§ **Data**:
------------------------------------------------------------
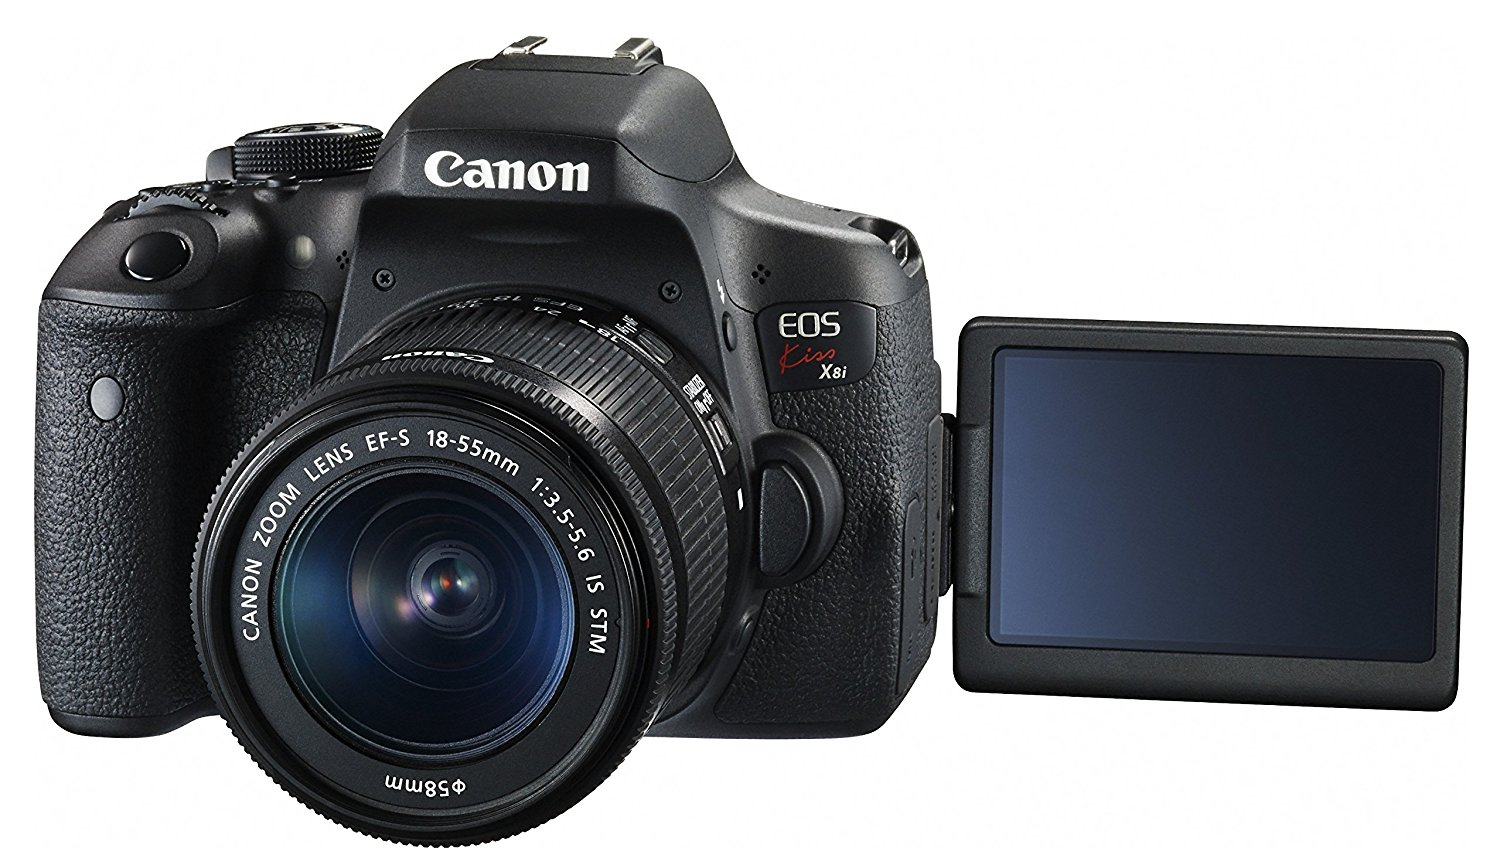 【Canon】デジタル一眼レフカメラ EOS Kiss X8i |開業・開店・移転祝いにWebカタログギフト「オフィスギフト」
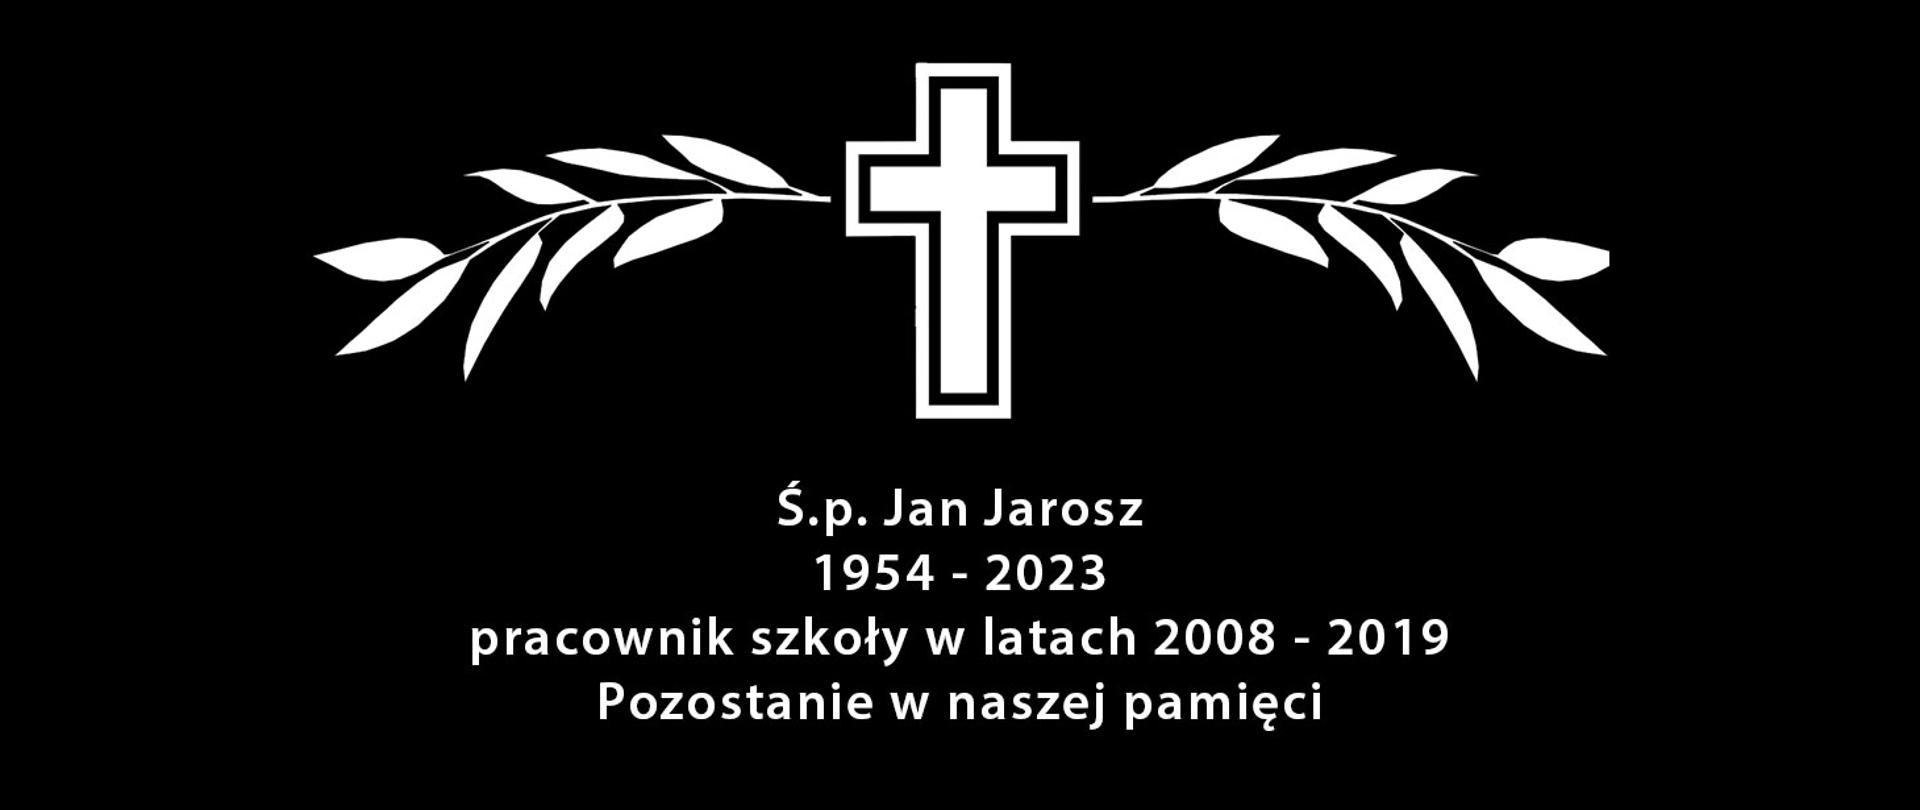 Grafika przedstawiająca biały krzyż z napisem pod spodem: "Ś.p. Jan Jarosz 1954 - 2023 pracownik szkoły w latach 01.01.2008 -31.01.2019 Pozostanie w naszej pamięci" na czarnym tle.
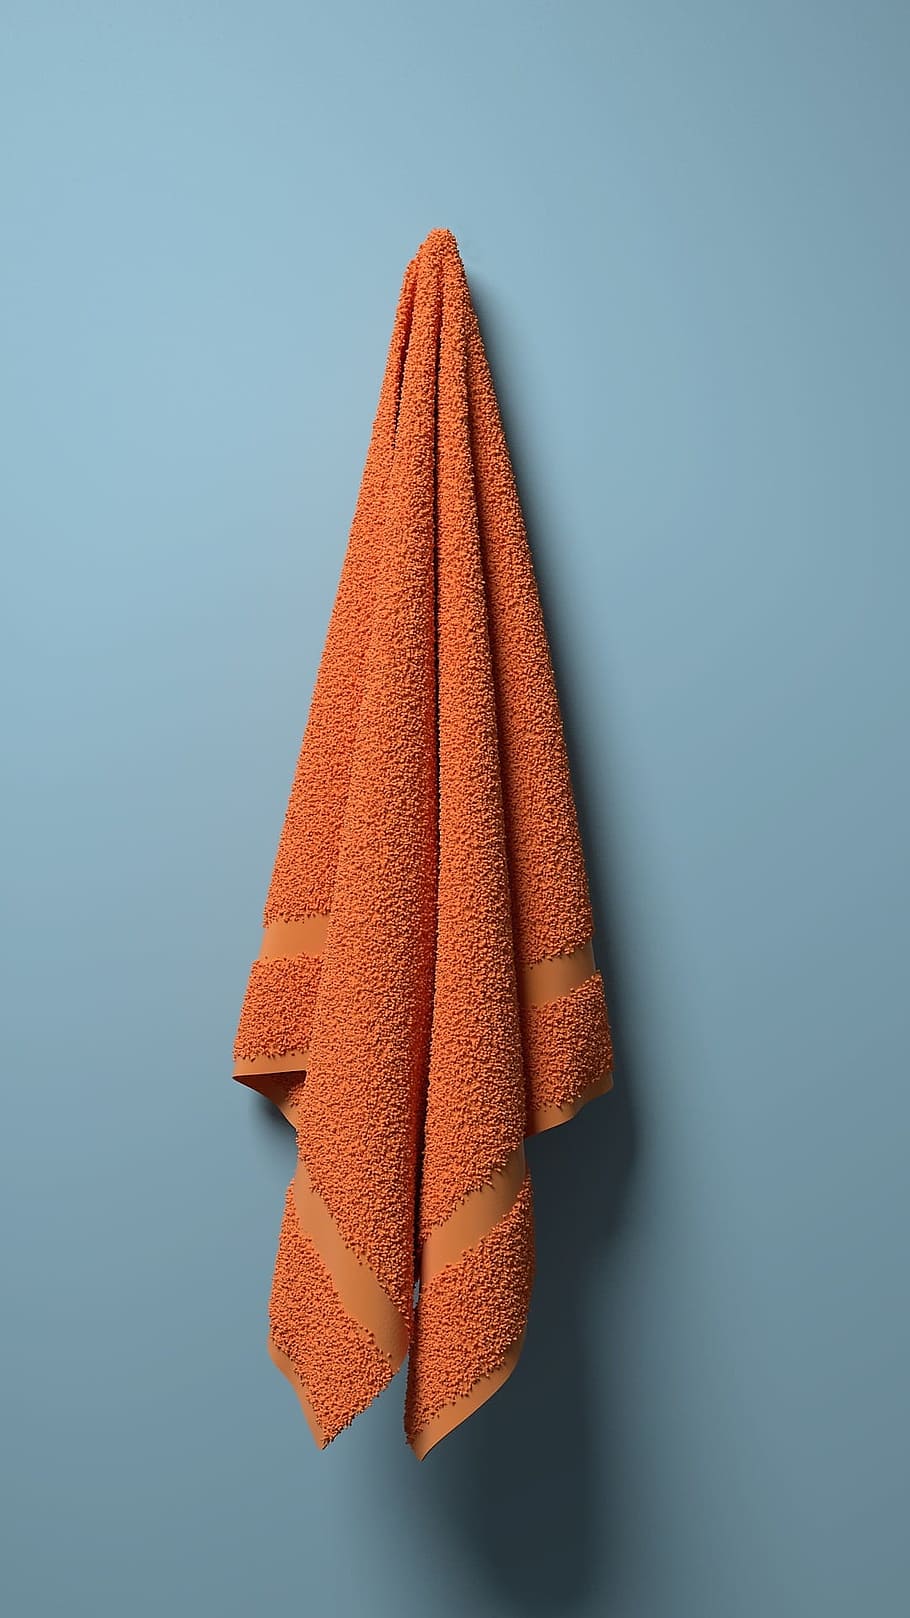 toalla, baño, limpio, nuevo, naranja, sencillo, tiro del estudio, en interiores, fondo de color, naturaleza muerta
------------------------------------------------------------
§ **Aim of the task**: Please write out all the data word for word, but keep every picture out.

§ **Solution for this exercise**:
 【Canon】デジタル一眼レフカメラ EOS Kiss X8i |開業・開店・移転祝いにWebカタログギフト「オフィスギフト」
 Grafika przedstawiająca biały krzyż z napisem pod spodem: "Ś.p. Jan Jarosz 1954 - 2023 pracownik szkoły w latach 01.01.2008 -31.01.2019 Pozostanie w naszej pamięci" na czarnym tle.
 toalla, baño, limpio, nuevo, naranja, sencillo, tiro del estudio, en interiores, fondo de color, naturaleza muerta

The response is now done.